▶ _Task requirements_: Exact copy, no pictures: repeat the data that follows.

▶ _Given data_:
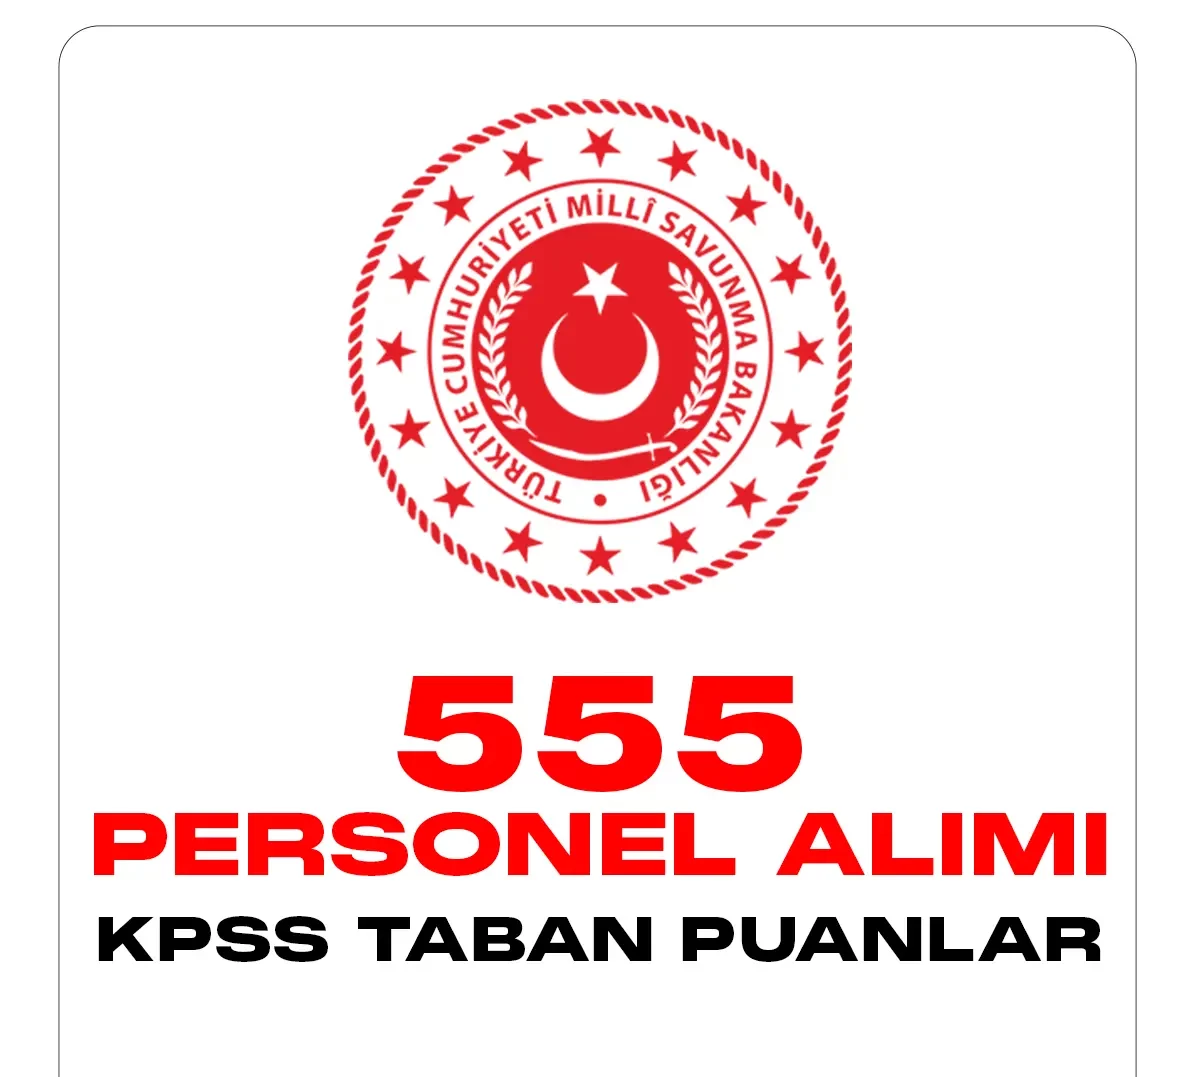 MSB 555 personel alımı KPSS taban puanları ve sonuçları
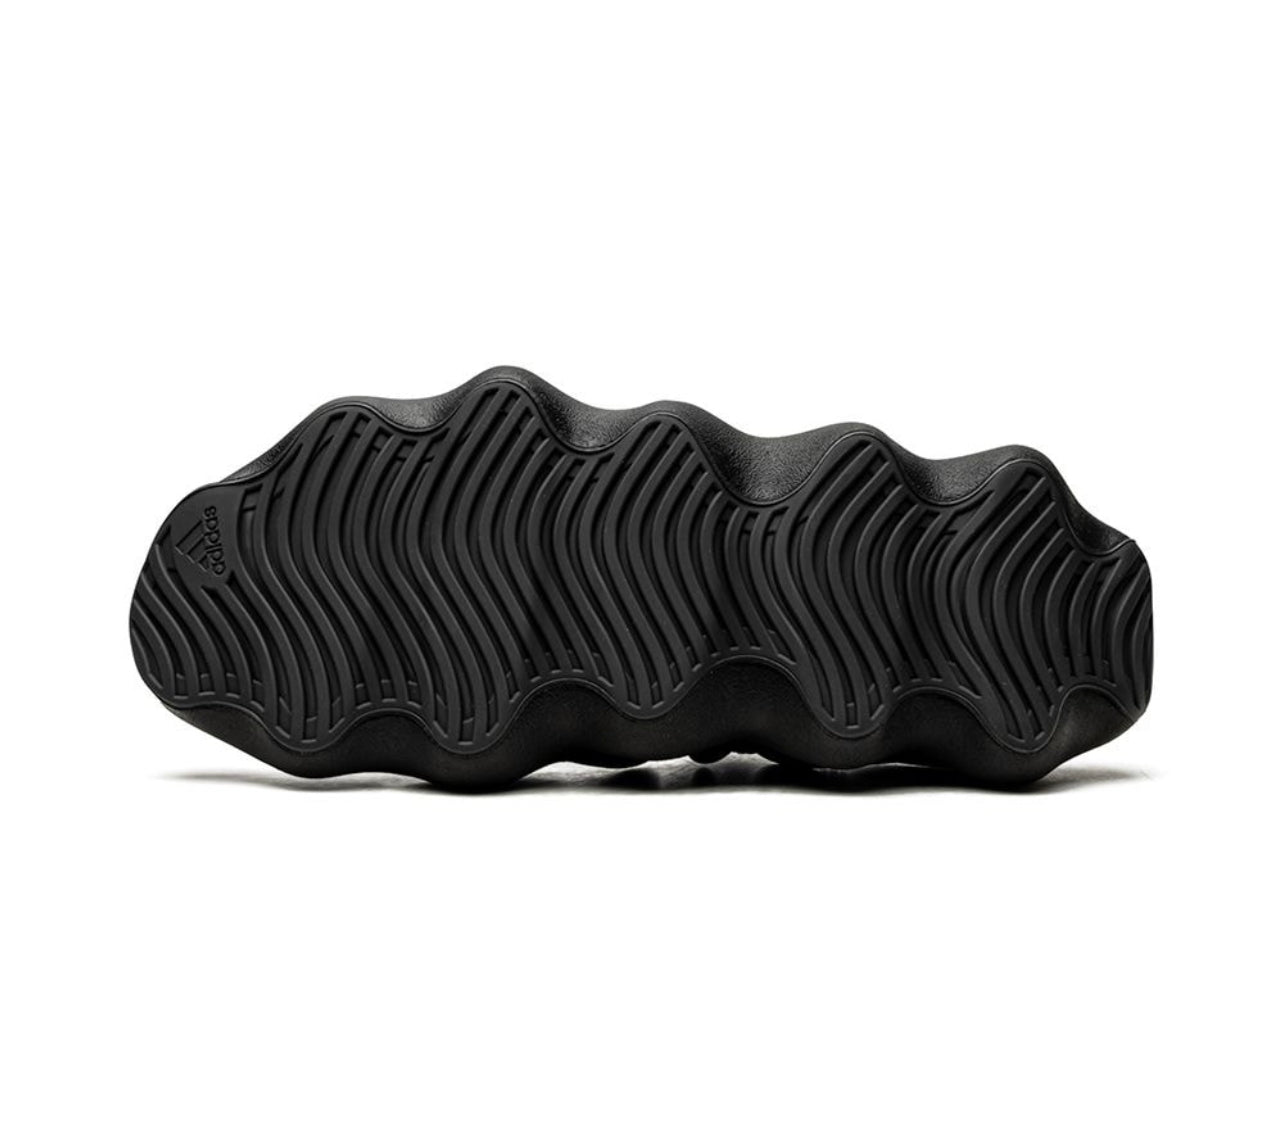 Adidas Yeezy YEEZY 450 "Dark Slate" sneakers
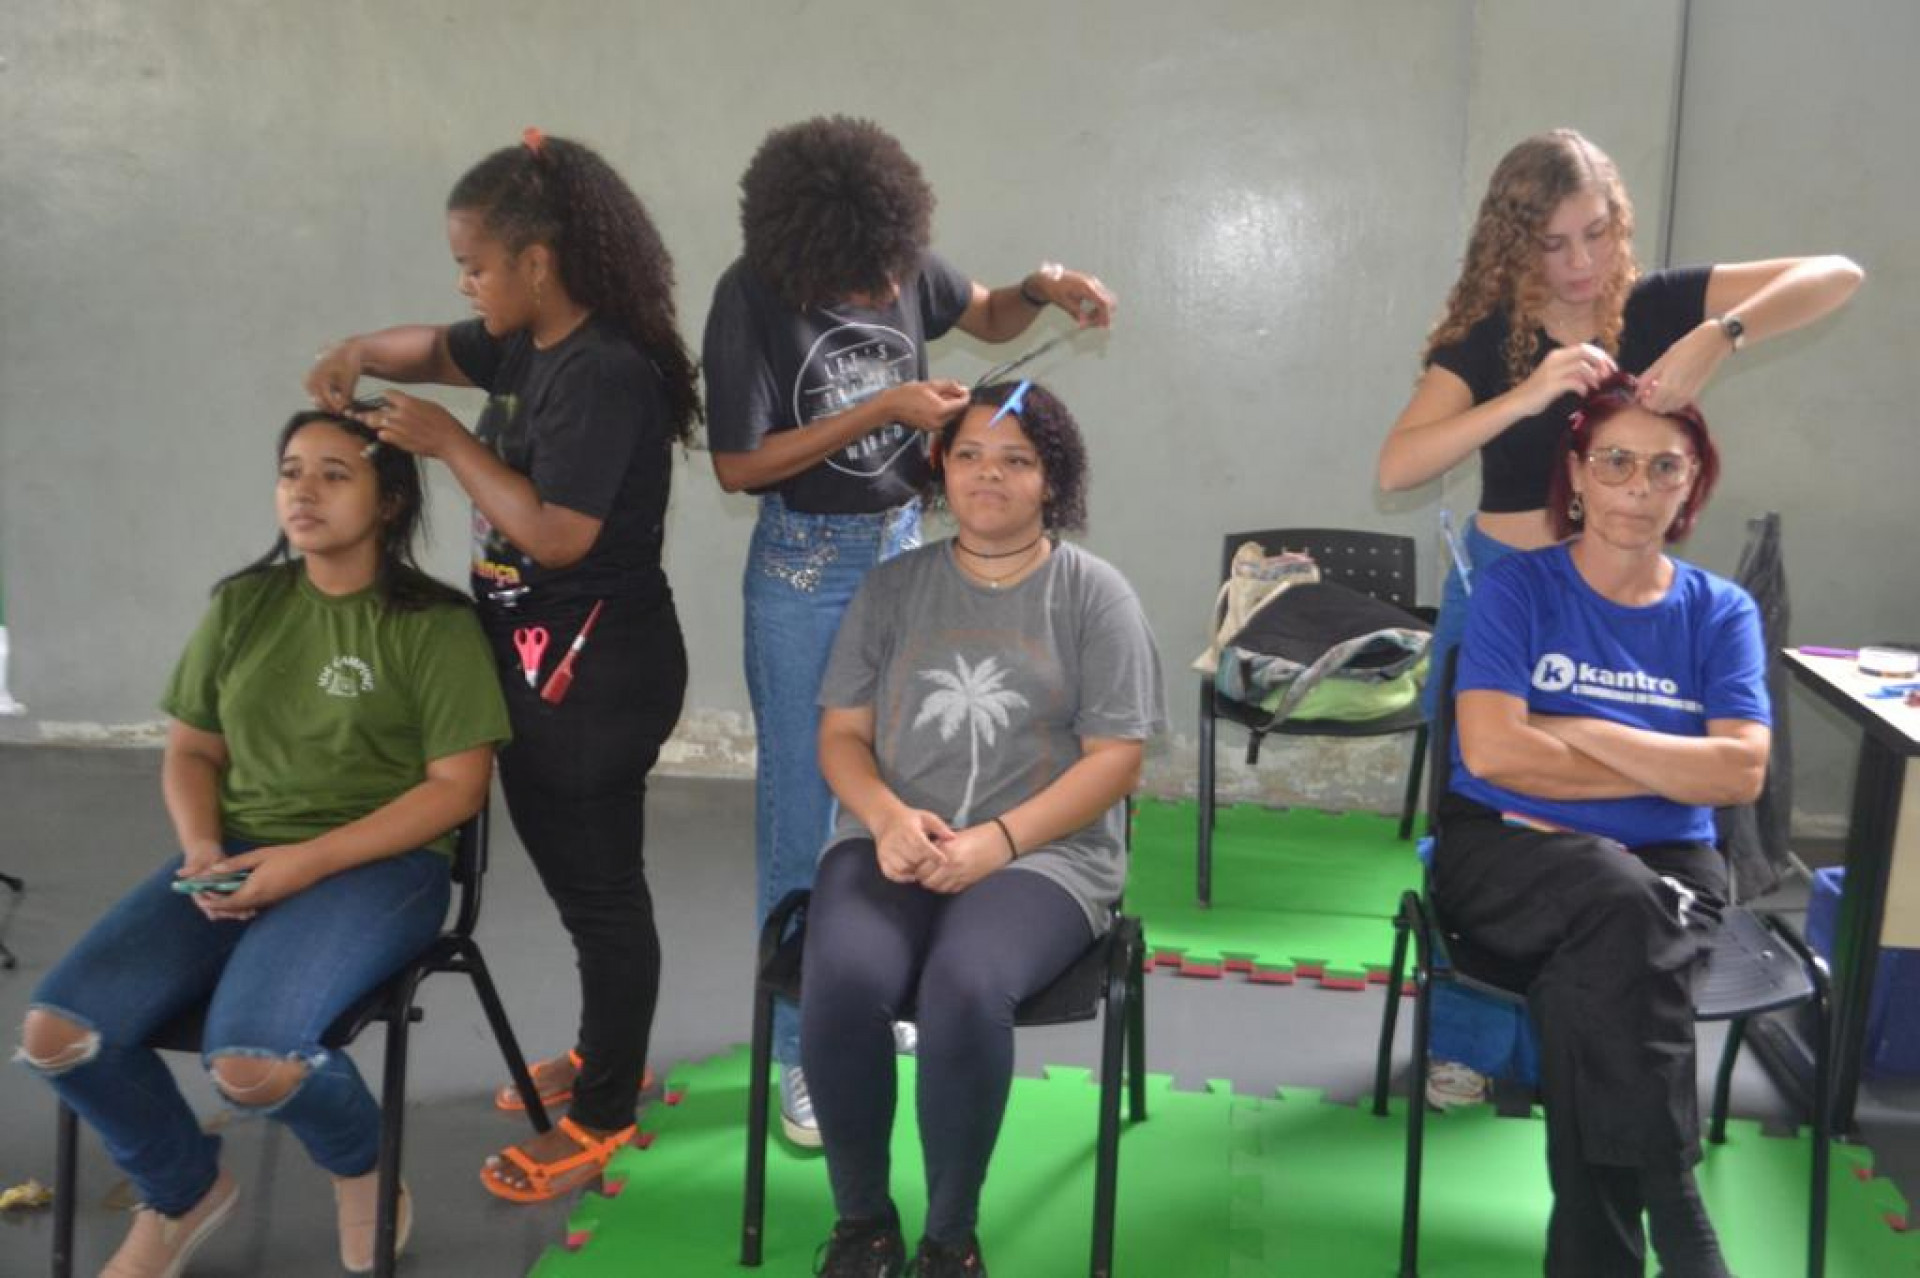 Serviços de beleza e corte de cabelo também foram oferecidos na ação social no IFRJ Nilópolis - Divulgação / PMN

▶ _Task output_:
 MSB 555 personel alımı KPSS taban puanları ve sonuçları
 Adidas Yeezy YEEZY 450 "Dark Slate" sneakers
 Serviços de beleza e corte de cabelo também foram oferecidos na ação social no IFRJ Nilópolis - Divulgação / PMN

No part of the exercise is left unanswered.